Женщины с винтовками ходили вокруг немцев, толпа все росла, все прибывала, и охранницы покрикивали время от времени:
– Граждане, потеснитесь! Потеснитесь, граждане!
Алеша усмехнулся. Как же, потесниться! Ведь немцев, фашистов этих, в первый раз люди живьем, а не на картинках видят. И у каждой тетки, и у каждого пацана, который тут торчит, глаза на немцев пялит, там, на фронте, кто-нибудь есть. И вот такие фрицы по ним целят, норовят убить, так какой же человек мимо пройдет, не посмотрит своими глазами, что это за народ такой, который всех убить, все сжечь, все раздавить хочет.
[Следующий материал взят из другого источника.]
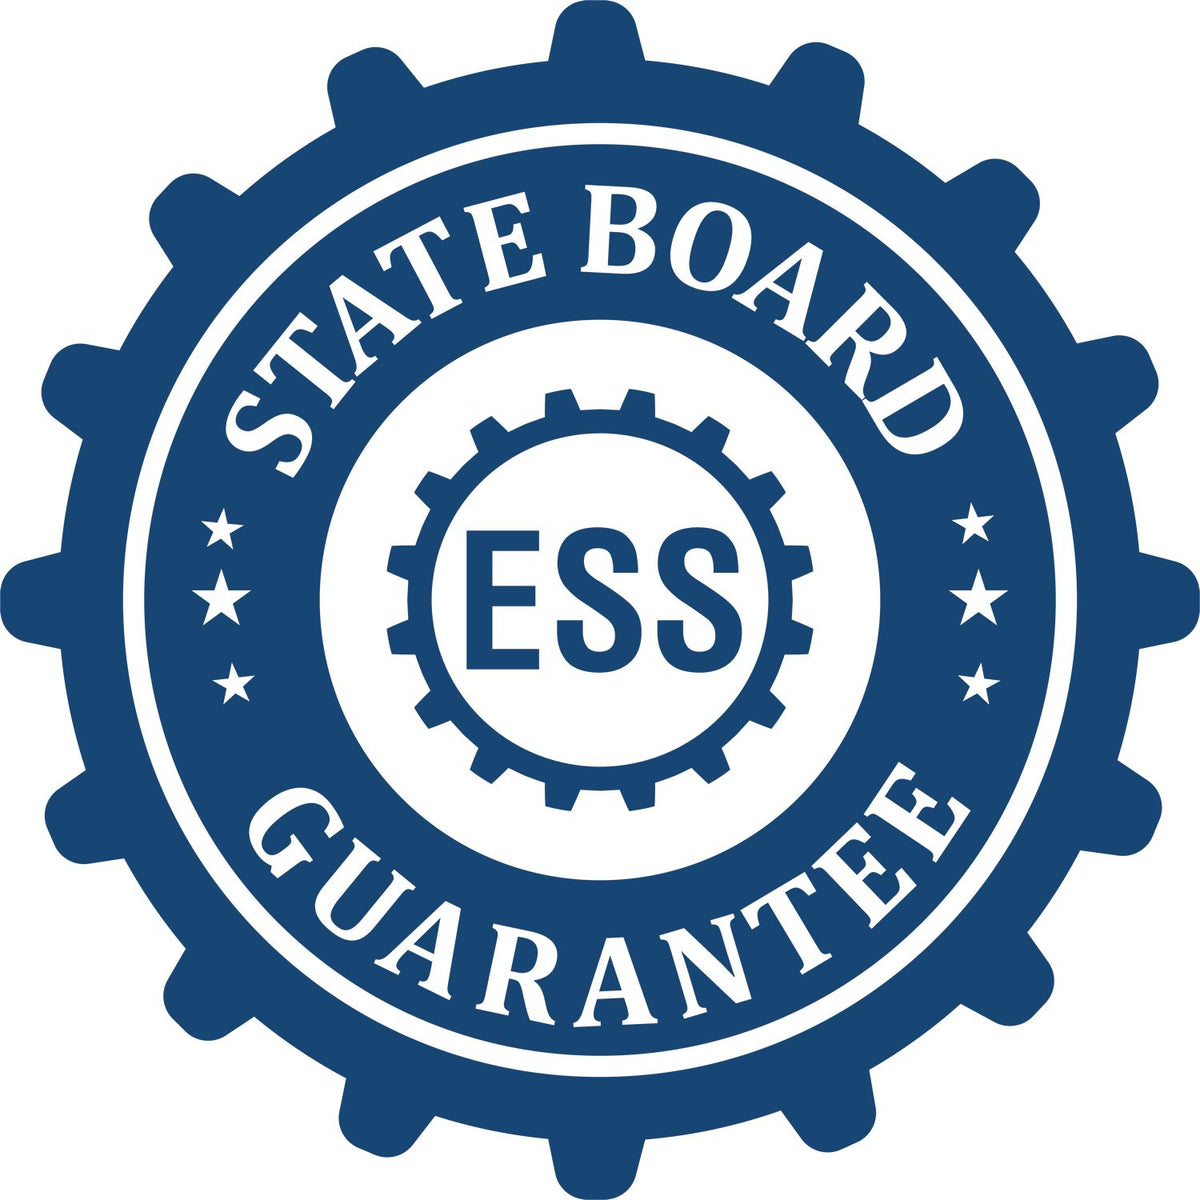 An emblem in a gear shape illustrating a state board guarantee for the Gift Delaware Land Surveyor Seal

Но хотя Алеша и думал так, странное дело, вот именно к этим немцам он не испытывал никакой ненависти, никакой злобы. Да, это были враги, пусть пленные, но враги, и умом он знал и понимал это. Но Алеша, вглядываясь в пленных, с удивлением замечал, что у одного непомерно длинный нос, а у другого синие глаза и белесые брови, почти как у Гошки, видел, что немцам холодно в своих серо-зеленых шинелях, и они стараются работать поскорей, чтоб согреться, – он видел все это и с удивлением думал, что сними с этих фрицев пилотки и шинели, одень их, как всех, они, может, ничем не будут отличаться от других людей.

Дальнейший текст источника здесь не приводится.